* GIVEN RECORDS:
○ ○ ○ ○

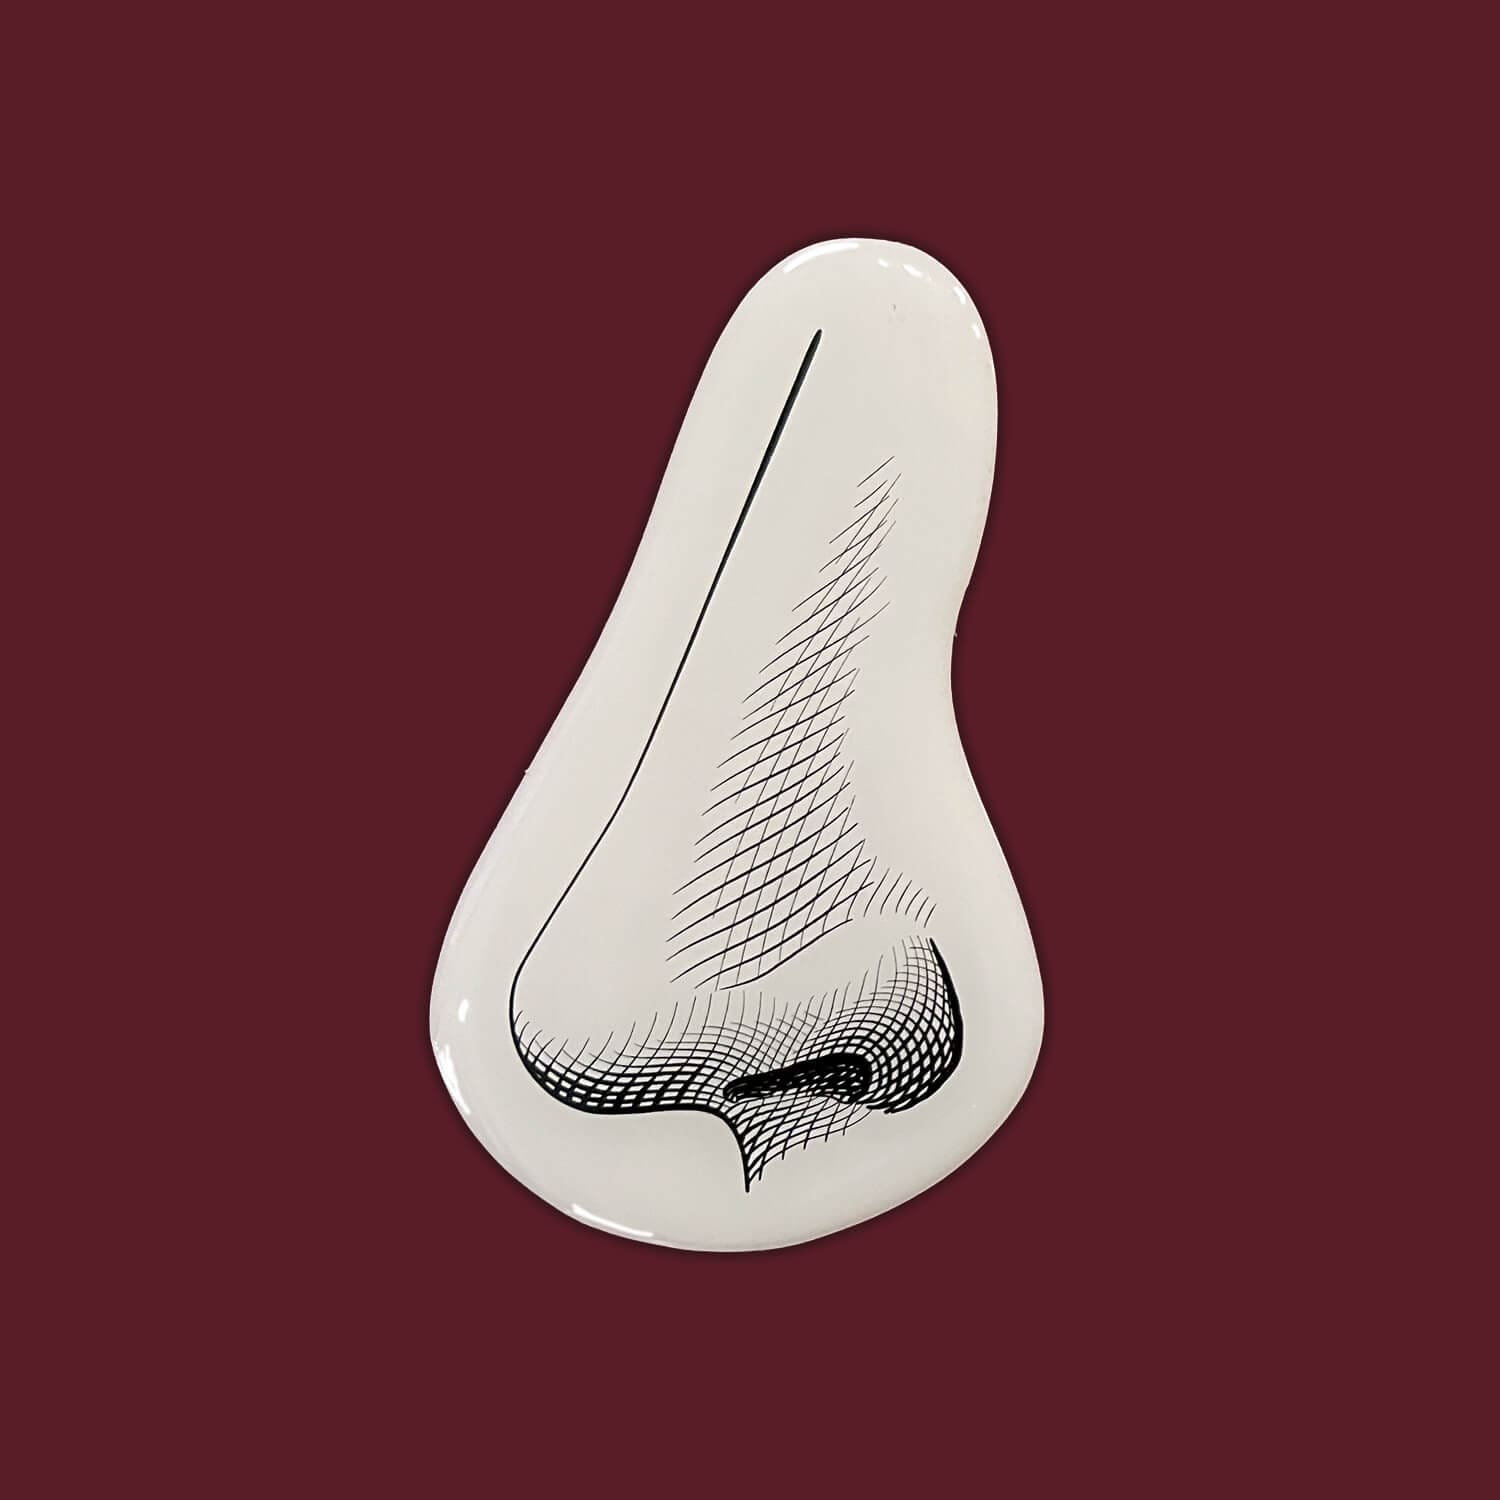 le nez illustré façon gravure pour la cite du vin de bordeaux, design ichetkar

○ ○ ○ ○

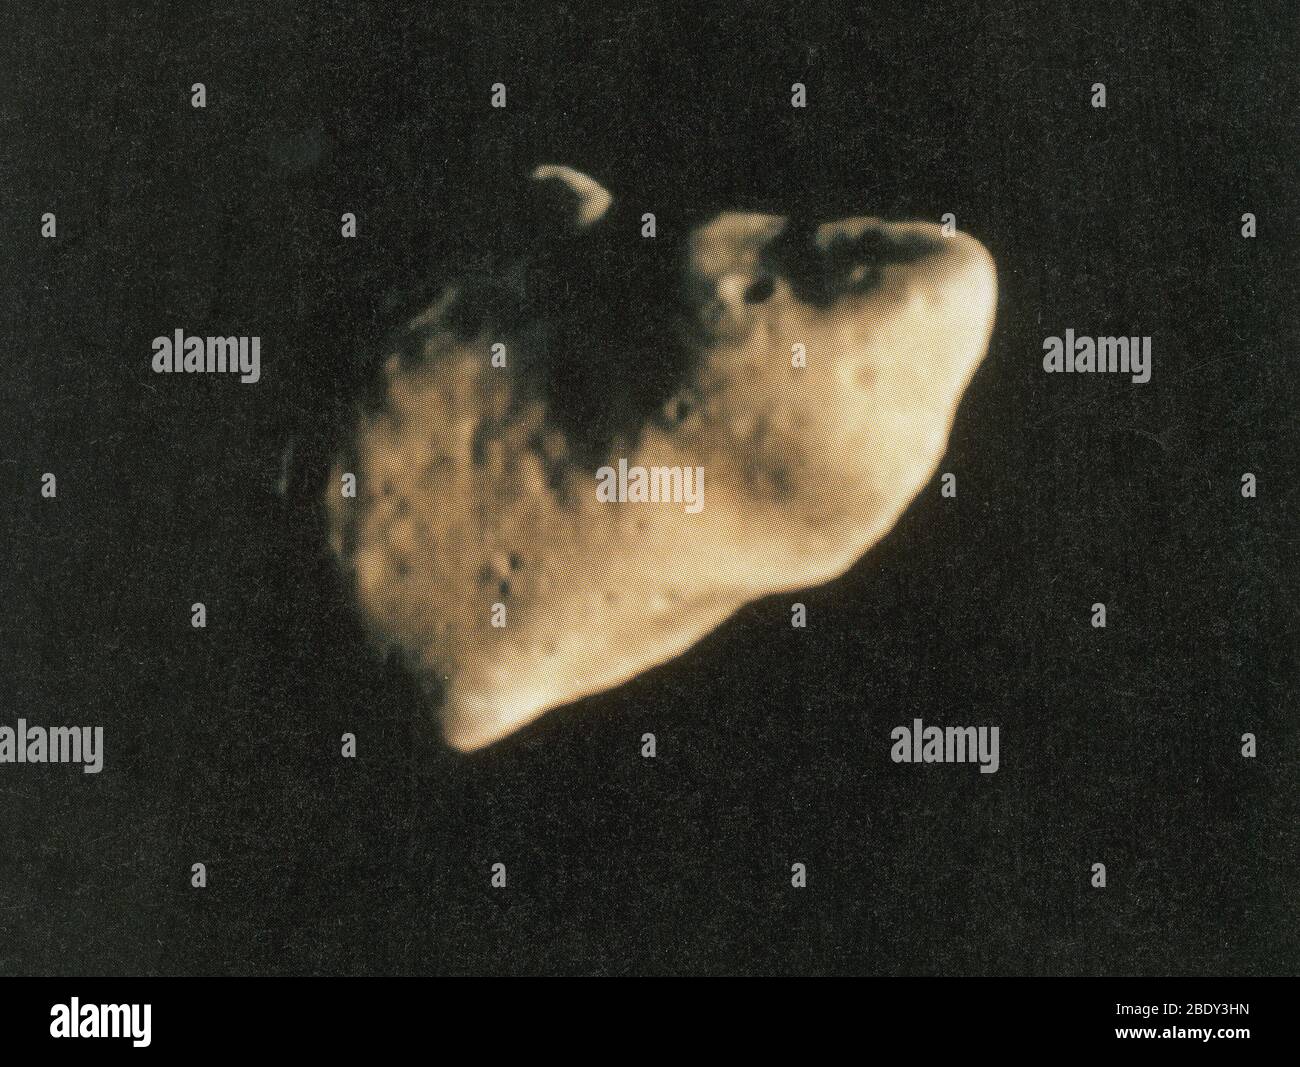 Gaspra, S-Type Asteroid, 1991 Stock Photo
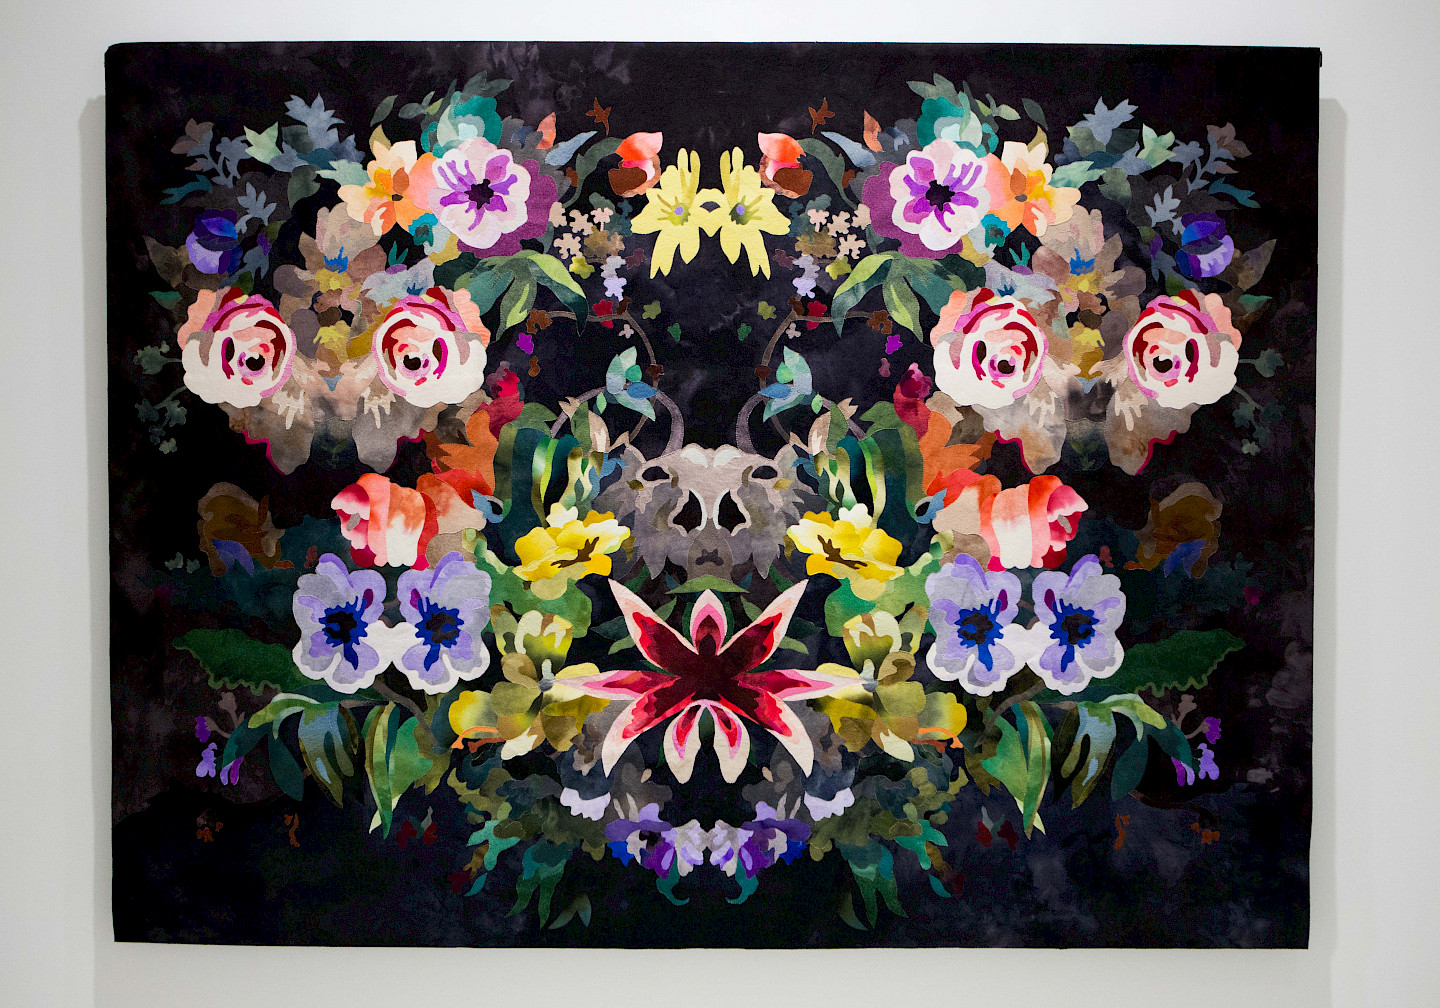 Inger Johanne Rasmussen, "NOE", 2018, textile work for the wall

○ ○ ○ ○

* ASSIGNMENT: In the entries above, every line from the line with "Gaspra, S-Type Asteroid, 1991 Stock Photo" to the line with "for the wall" is to be printed exactly, with both ends included and pictures excluded.

* RESPONSE AREA:
 Gaspra, S-Type Asteroid, 1991 Stock Photo
 Inger Johanne Rasmussen, "NOE", 2018, textile work for the wall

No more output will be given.